Sears Mortgage Corp. v. Atuahene

828 F. Supp. 368, 1993 U.S. Dist. LEXIS 13559
CourtDistrict Court, E.D. Pennsylvania
DecidedAugust 12, 1993
DocketCiv. A. 93-CV-2746
StatusPublished
Cited by1 cases

This text of 828 F. Supp. 368 (Sears Mortgage Corp. v. Atuahene) is published on Counsel Stack Legal Research, covering District Court, E.D. Pennsylvania primary law. Counsel Stack provides free access to over 12 million legal documents including statutes, case law, regulations, and constitutions.

Bluebook
Sears Mortgage Corp. v. Atuahene, 828 F. Supp. 368, 1993 U.S. Dist. LEXIS 13559 (E.D. Pa. 1993).

Opinion

MEMORANDUM AND ORDER

JOYNER, District Judge.

Plaintiff Sears Mortgage Company filed a mortgage foreclosure action against Defendant Steve Atuahene on March 25, 1992, in the Court of Common Pleas in Philadelphia County. On December 23, 1992, the court entered a default judgment against Defendant for $17,067.97 representing the unpaid mortgage principal and interest, attorney fees and administrative costs. Defendant, filing pro se, petitioned the court to strike the default judgment which the court subsequently denied. On May 24,1993, Defendant filed a notice of removal in the United States District Court for the Eastern District of Pennsylvania. Now before the court is Plaintiffs motion to remand this case to state court pursuant to 28 U.S.C. § 1447(c).

Plaintiff asserts that Defendant’s notice of removal is defective because 1) this court lacks jurisdiction as the amount in controversy is less than $50,000; and 2) Defendant failed to file the notice of removal within the 30 day window required by 28 U.S.C. § 1446(b).

Defendant, still filing pro se, contends that because the alleged property value is $60,000, he hurdles the amount in controversy requirement for diversity jurisdiction. Alternatively, he alleges that the service of process was defective constituting a violation of his due process rights and thus raising a federal question. Additionally, since the service of process was allegedly defective, Defendant argues that 28 U.S.C. § 1446(b) should not apply.

We find, however, that this court simply lacks subject matter jurisdiction and need not delve into Plaintiffs second assertion. Therefore, for the reasons detailed below, this ease will be remanded to state court.

Section 1447(e) mandates that where a case has been removed from the state court without jurisdiction, the district court must remand the case. The Third Circuit has held that the removal statutes, 28 U.S.C. §§ 1441-1452, are to be strictly construed against removal and all doubts should be resolved in favor of remand. Steel Valley Authority v. Union Switch and Signal Division, Am. Standard, Inc., 809 F.2d 1006, 1010 (3d Cir. 1987) citing Abels v. State Farm Fire & Casualty Co., 770 F.2d 26, 29 (3d Cir.1985). In determining whether there is subject matter jurisdiction, the district court must focus on plaintiffs complaint at the time the petition for removal was filed. Id. Thus, in order to successfully remove this case to federal court under diversity jurisdiction, the complaint must allege that the amount in controversy exceeds $50,000 exclusive of costs and interests. Boardwalk Regency *370 Corp. v. Kambell, 719 F.Supp. 1254, 1255 (D.N.J.1989).

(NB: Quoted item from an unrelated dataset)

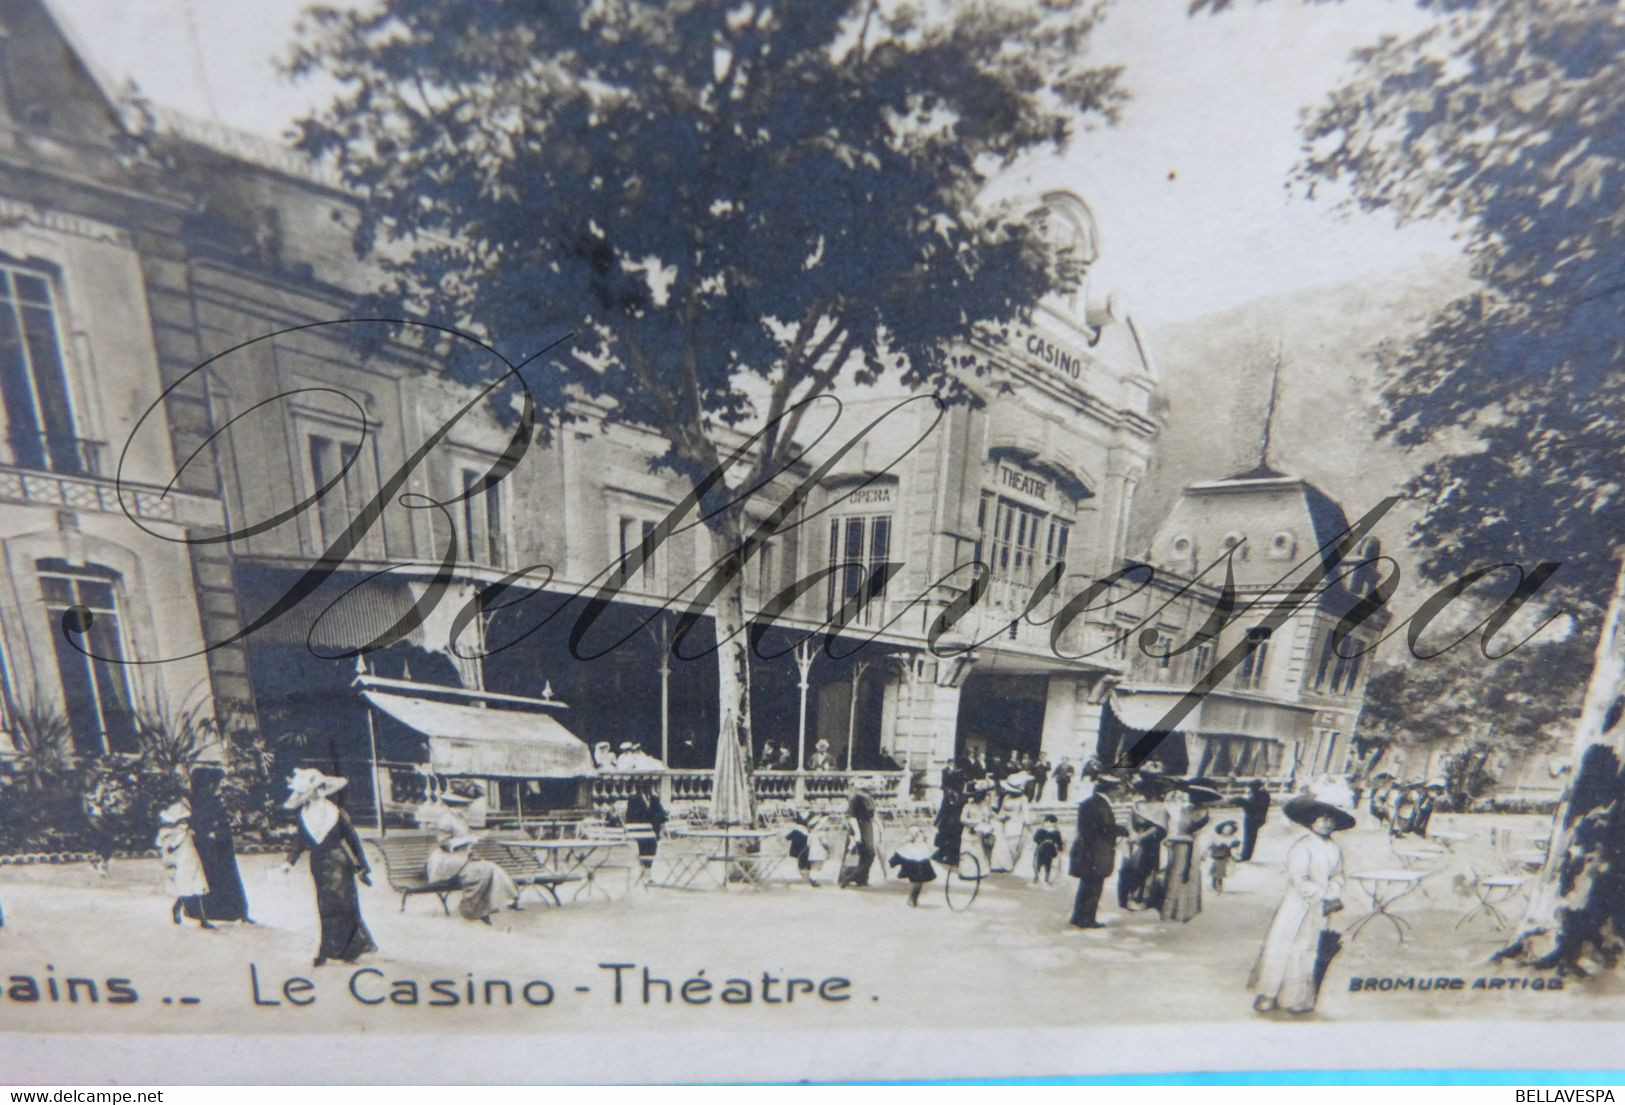 Vals-les-Bains. Le Casino-Théatre.  Edit Bromure Artige.Photo Montage. 1913 - Vals Les Bains

Here, Defendant’s bid for diversity jurisdiction fails because of the amount in controversy requirement. Plaintiffs complaint at the time Defendant filed for removal specified the amount in controversy to be $17,-067.97, 1 well short of the required $50,000.

Defendant’s alternative claim that this court has federal question jurisdiction based on defective service of process must also fail. Before an action started in state court can be removed to a federal district court, it is necessary that the action could have originally been brought in federal court. Shelly v. Pennsylvania, 451 F.Supp. 899, 901 (M.D.Pa.1978). The well-pleaded complaint rule requires that the federal question be presented on the face of Plaintiffs complaint. Albert Einstein Medical Center v. Nat. Ben. Fund for Hosp. and Health Care Employees, 740 F.Supp. 343, 348 (E.D.Pa.1989).

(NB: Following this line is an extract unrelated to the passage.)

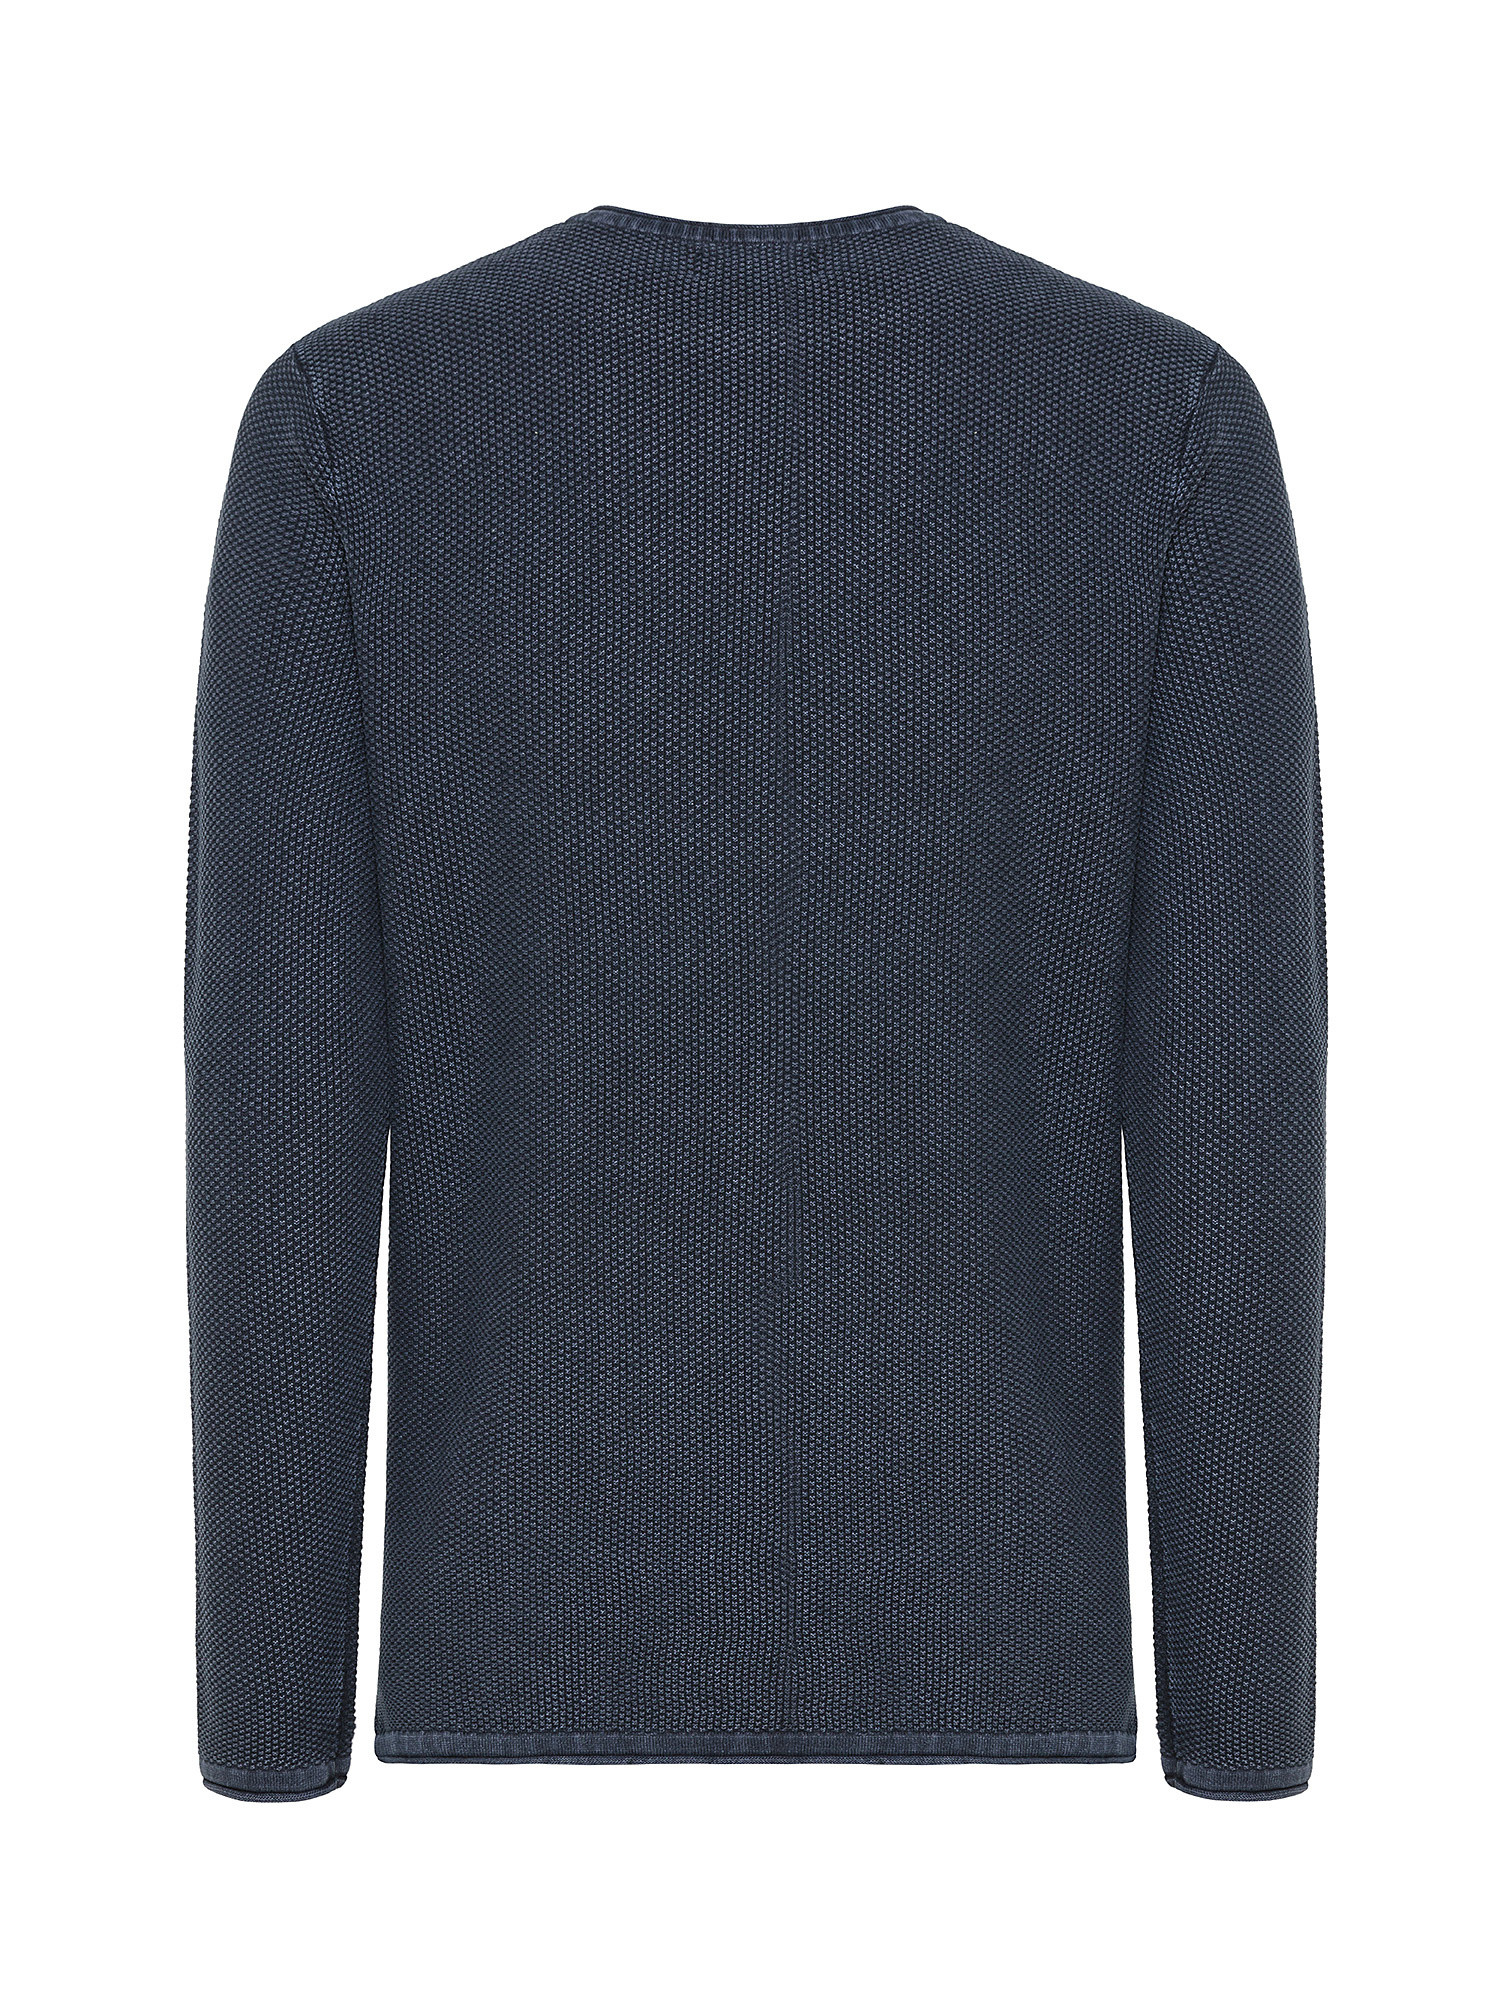 Jack & Jones - Cotton pullover, Dark Blue, large image number 1

Plaintiffs complaint, on its face, presents no questions of federal law. Plaintiff brought this mortgage foreclosure under Pennsylvania law without reference to any federal statute or common law. Defendant’s allegation that the service of process was defective is after the fact and not, therefore, sufficient to remove this case under federal question jurisdiction.

We must conclude that the case was removed improvidently and without jurisdiction. Therefore, this case is remanded to the Court of Common Pleas of Philadelphia County, Pennsylvania with just costs to be paid by Defendant.

ORDER

AND NOW, this 12th day of August, 1993, upon consideration of Plaintiffs Motion to Remand and Defendant’s response thereto, it is hereby ORDERED that the above captioned case, listed in the Court of Common Pleas in Philadelphia County, March Term 1992 No. 4197, be remanded to said state court, and it is further ORDERED that Defendant pay all costs and additional expenses including attorney’s fees incurred as a result of this removal.

1

. Plaintiff's original complaint specified the amount in controversy to he $15,591.76. The difference between the two totals represents the interest on the loan, late charges accrued, and property inspection costs.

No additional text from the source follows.